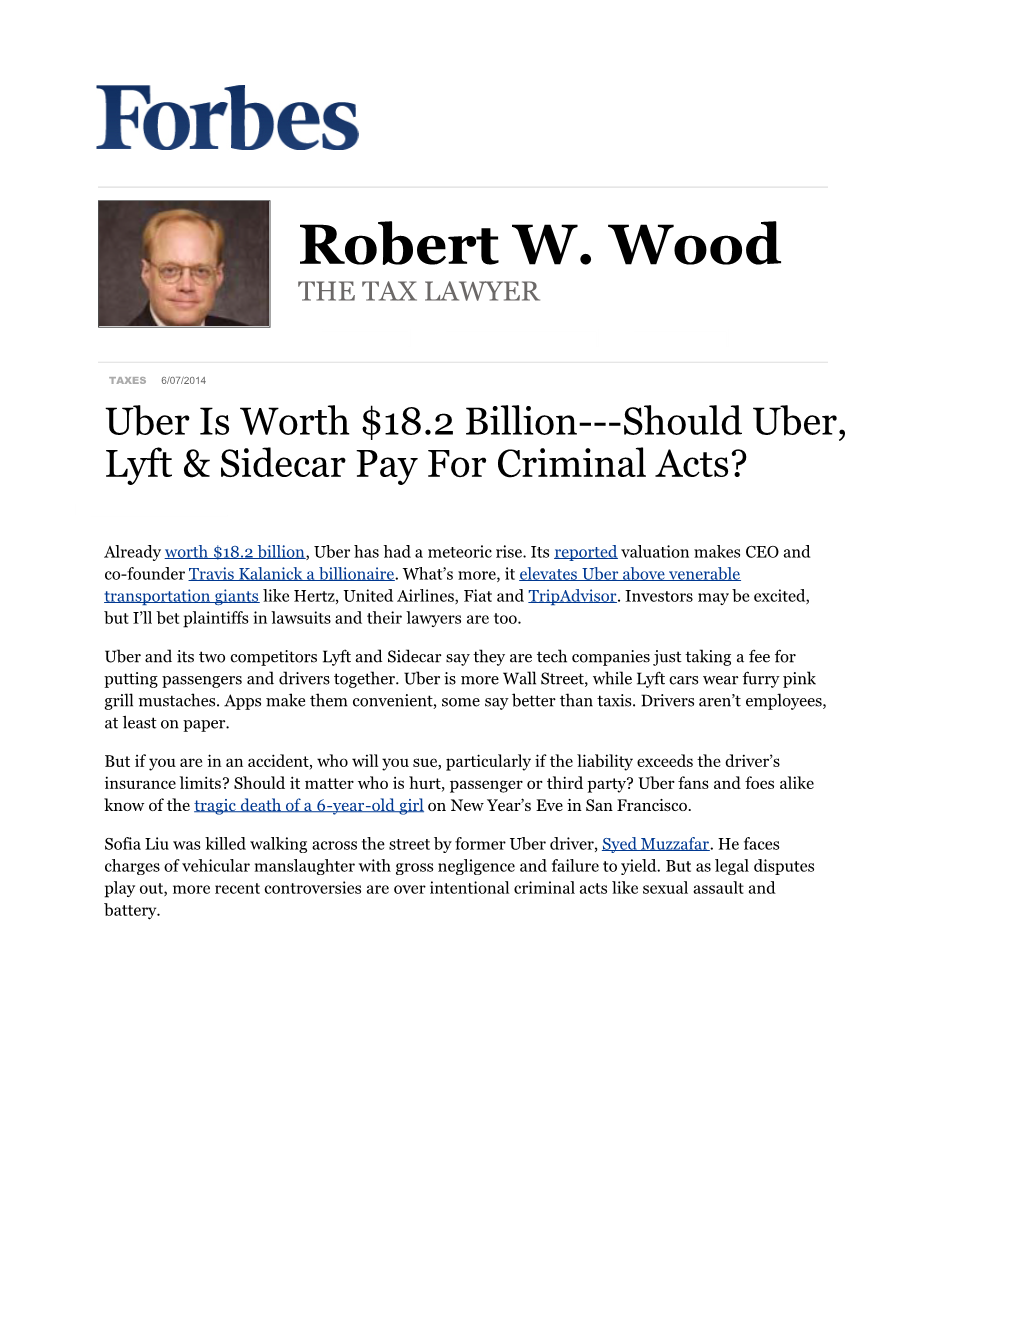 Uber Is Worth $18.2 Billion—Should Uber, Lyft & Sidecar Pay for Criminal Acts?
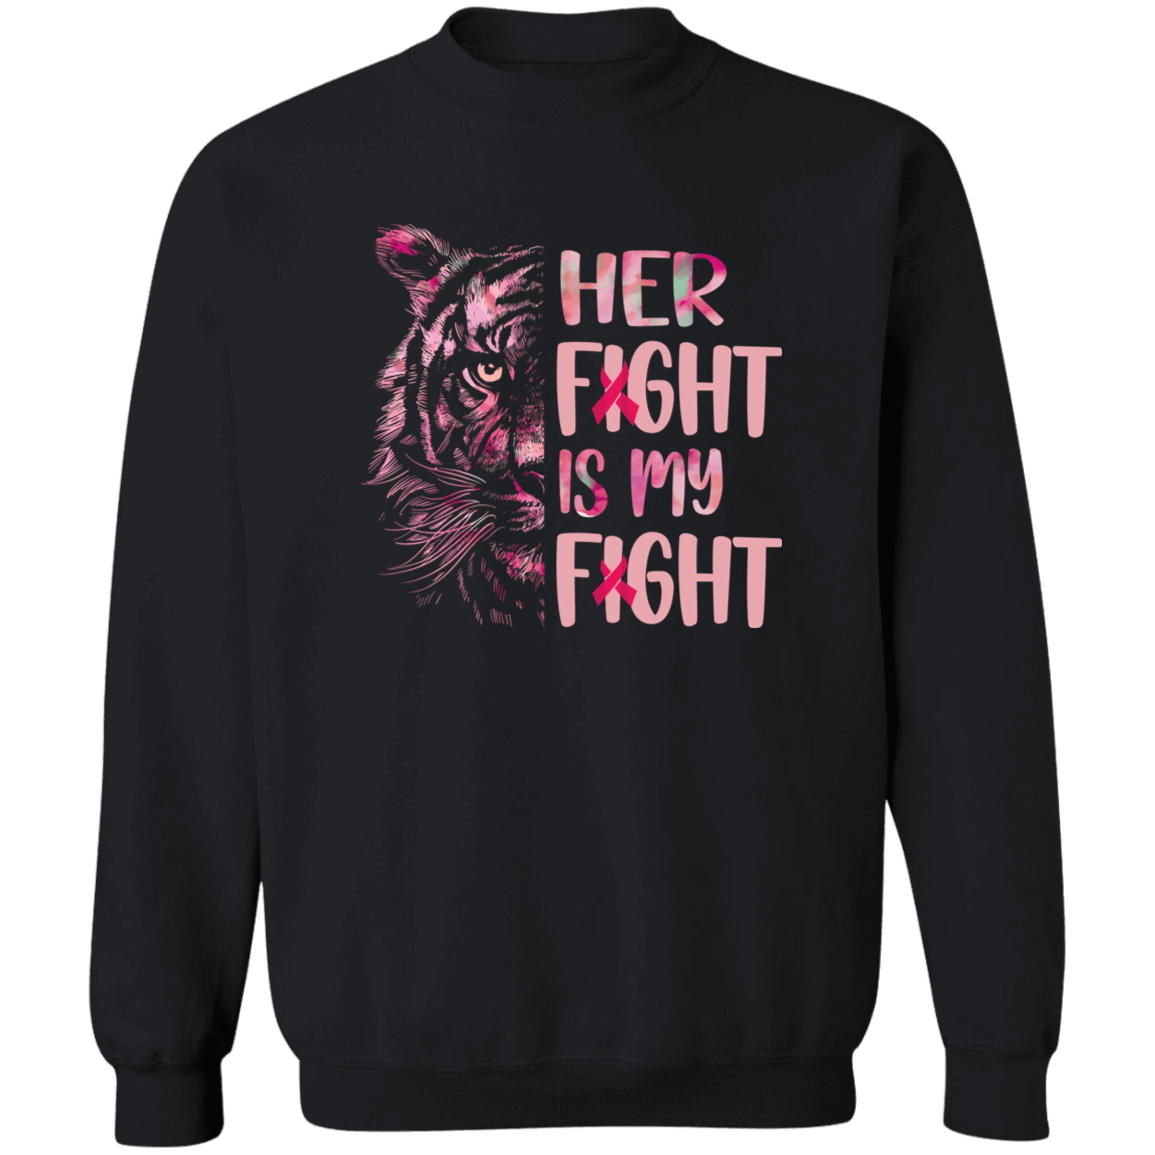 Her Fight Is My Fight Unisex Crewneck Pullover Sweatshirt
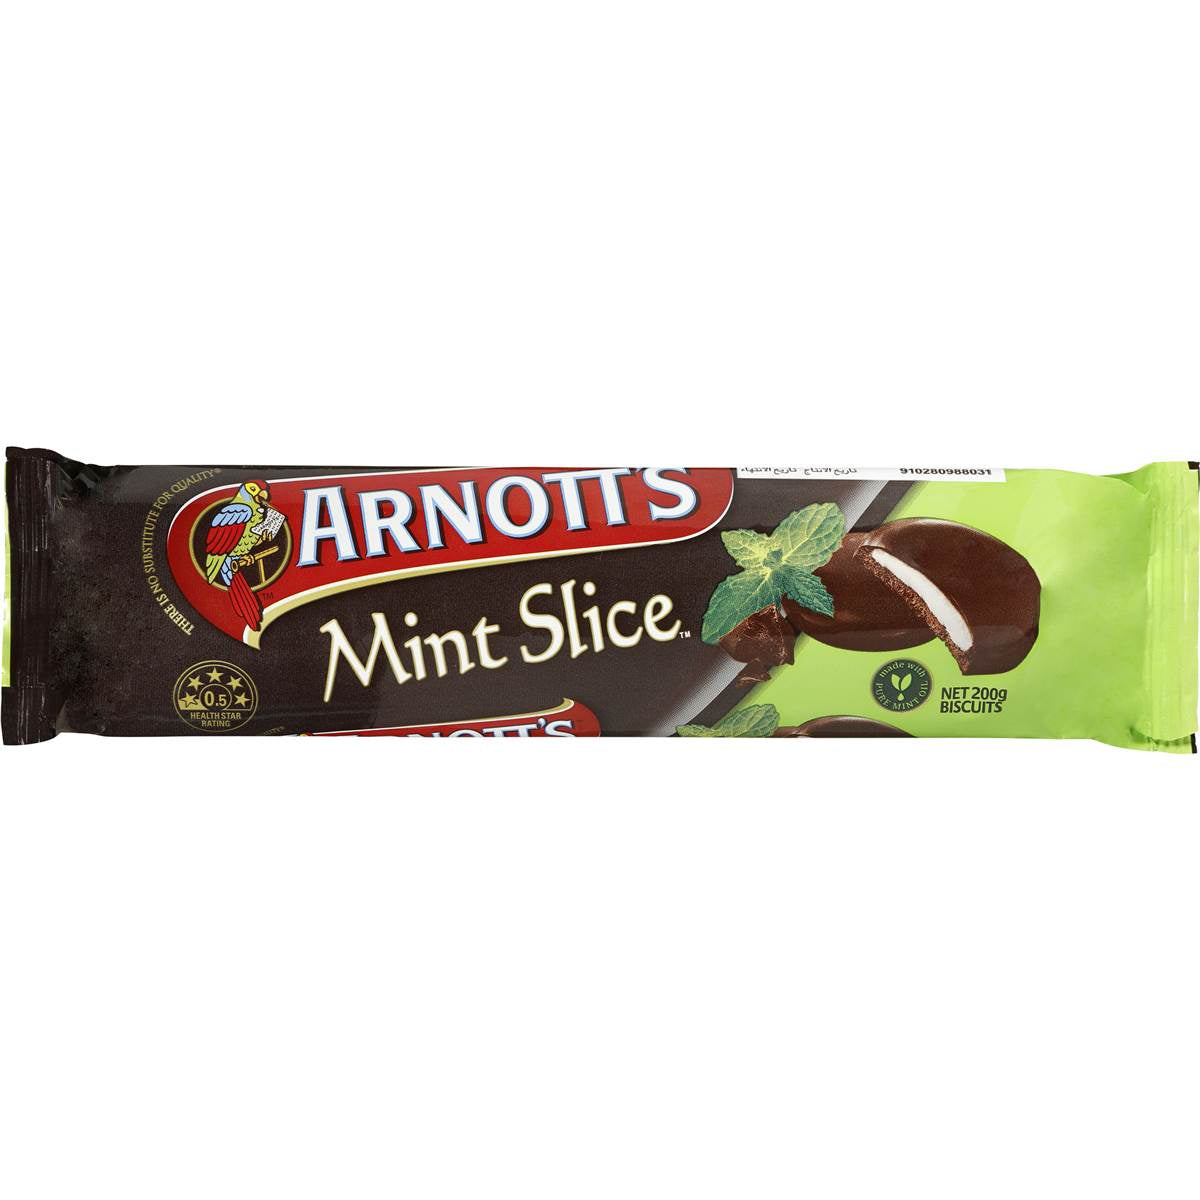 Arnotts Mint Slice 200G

================

EXERCISE DETAILS: Return the listing above word for word, with the pictures removed.

TASK SOLUTION:
 Uber Is Worth $18.2 Billion—Should Uber, Lyft & Sidecar Pay for Criminal Acts?
 Her Fight Is My Fight Unisex Crewneck Pullover Sweatshirt
 Arnotts Mint Slice 200G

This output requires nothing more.